- Country: United Kingdom
- Role: Anti-Tank artillery
- Size: Regiment

= 85th Anti-Tank Regiment, Royal Artillery =

The 85th Anti-Tank Regiment, Royal Artillery was formed in September 1941 during the Second World War. After training in Essex, the regiment was embarked on to the , a ship in a "WS" Convoy. When the convoy departed the docks, the 85th was heading for Basra, Iraq via the Cape of Good Hope. The guns and equipment were painted in desert camouflage. The convoy sailed south to Durban, South Africa. While en route, the Japanese attacked Pearl Harbor and invaded the Philippines. The regiment was diverted from its original desert destination to Singapore as reinforcements of the garrison.

== Origin ==
The 85th Anti-Tank Regiment, Royal Artillery was formed on 23 September 1941. The regiment comprised four anti-tank batteries, the 45th, 251st, 270th and the 281st.

In September 1941, the regiment was camped at John Groom's Orphanage and Flower Girls' Home at Clacton-on-Sea, Essex.

=== Batteries ===

====45th Battery====

The 45th Battery was in Cattistock and was detached on 29 September 1941 from the 20th Anti-Tank Regiment and posted to the 85th AT Regiment at Clacton-on-Sea. There were 126 men (Other Ranks) on the November 1941 embarkation roll.

====251st Battery====

The 251st Battery was detached from the 63rd (Oxfordshire Yeomanry) Anti-Tank Regiment, a territorial unit which had its HQ at Oxford. The 251st departed Portrush, Northern Ireland, on 27 September 1941 to join the 85th being formed at Butlin's Camp, Clacton-on-Sea. There were 126 men (Other Ranks) on the November 1941 embarkation roll.

====270th Battery====

The 270th Battery was detached from the 68th Anti-Tank Regiment on 23 September 1941 to join the 85th AT Regiment. There were 128 men (Other Ranks) on the November 1941 embarkation roll.

====281st Battery====

The 281st Battery was detached from the 70th Anti-Tank Regiment to join the 85th AT Regiment. The 281st departed Storrington on 27 September 1941. There were 126 men (Other Ranks) on the November 1941 embarkation roll.

=== Commander ===

Lt. Col. Andrew John Lardner-Clarke

=== Equipment ===

48 × 2-pounders. Standard procedure was for each Battery to consist of three Troops, each of which had four 2-pounder MkII guns, for a total 12 per Battery, or 48 for the Regiment.

==Travel==

The 85th regiment boarded the converted P&O ocean liner at Gourock near Greenock, Scotland on the River Clyde on 11 November 1941, as part of "Winston Special" convoy WS 12Z. Convoy WS 12Z sails just before midnight of 12/13 November. Convoy WS 12Z arrives at Freetown, Sierra Leone on 25 November 1941. The convoy leaves Freetown on 28 November 1941. While in transit to Durban, South Africa, the Japanese attacked Pearl Harbor on 7 December 1941. The Japanese also invade the Philippines, Malaya, Thailand and Hong Kong on 8 December 1941. The convoy arrived at Durban, South Africa, on 18 December 1941. Because of the Japanese attacks 8 December 1941, the 85th and others were diverted from their original destinations.

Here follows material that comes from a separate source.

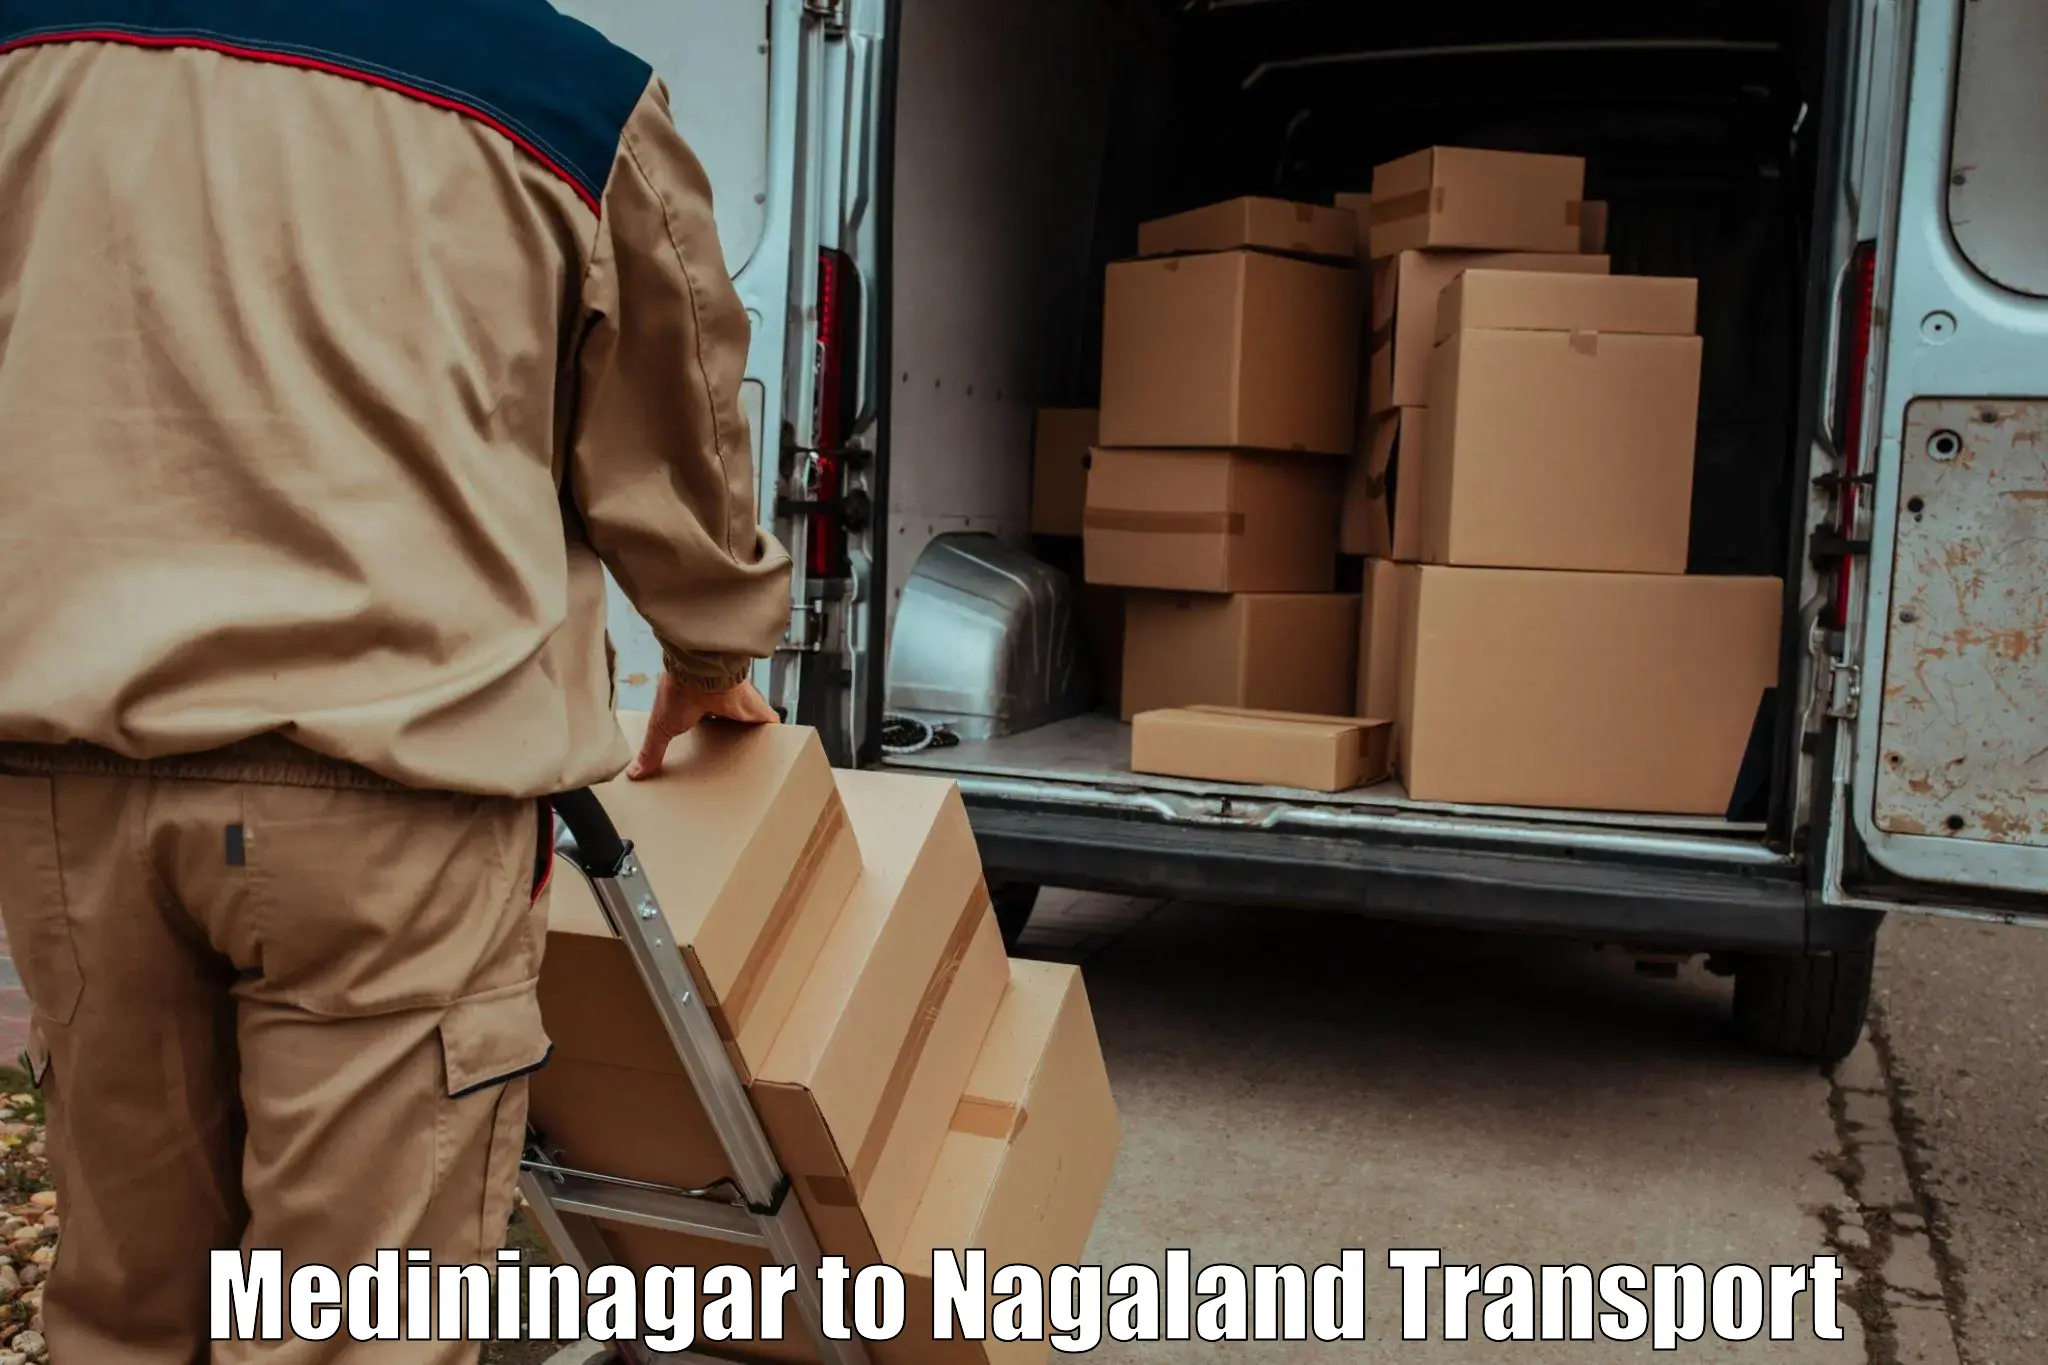 Daily parcel service transport Medininagar to Nagaland

On 24 December 1941, convoys WS12Z-A (Aden), WS12Z-B (Bombay) and WS12Z-M (Malaya) depart Durban. The ships in Convoy WS12Z-M, headed to reinforce Singapore, were Narkunda, MV Aorangi, MV Sussex and . On 30 December 1941, USS Mount Vernon joins convoys WS12Z-A, WS12Z-B and WS12Z-M at 0832 (GMT +4). At 1000, USS Mount Vernon, escort and WS12Z-M detach and become Convoy DM 1. Convoy DM 1 is headed for Maldives. There was a fuelling stop at "Port T", Addu Atoll, Maldives,4–5 January 1942 (no shore leave). and then convoy DM 1 continues to Singapore. Nakunda reached Keppel Harbour, Singapore on 13 January 1942.

==Singapore==

The 85th were transported from the docks to Birdwood Barracks, near Changi. On 14 January 1942 the 85th AT Regiment was attached to 11 Indian Brigade and moved some fifty miles north of Birdwood Camp to Jahore Baru and began defence of Singapore. They were called into action the next day in a rubber plantation just north of the Sultan of Jahore's palace which they fought for a week. On 5 February 1942, the 85th was sent to the RAF base at Seletar to guard the airfield. The next day, they evacuated the base and withdrew to the residential district of Mount Pleasant in Singapore City. On 13 February 1942, the 85th set up defensive positions at Halifax Road.

==Prisoners of war==

The Singapore Garrison capitulated on 15 February 1942 and the POWs were marched to Changi Prison. Subsequently, most of the POWs were enslaved and forced to work on the infamous Death Railroad. The BRE (Bureau of Record and Enquiry), initially a secret POW group in Changi, prepared Index Rolls of all British Army forces serving in Malaya from the date of commencement of hostilities to capitulation on 15 February 1942. The 85th A/T Regt R.A. is Roll 33. The nominal Roll for the 85th totals 614 men – 41 officers and 573 Other Ranks. The mortality rate was high, with 197 men dead; mainly in Thailand, Singapore, or on a Hell Ship, but some in Formosa, China (Hong Kong), Malaysia or Japan.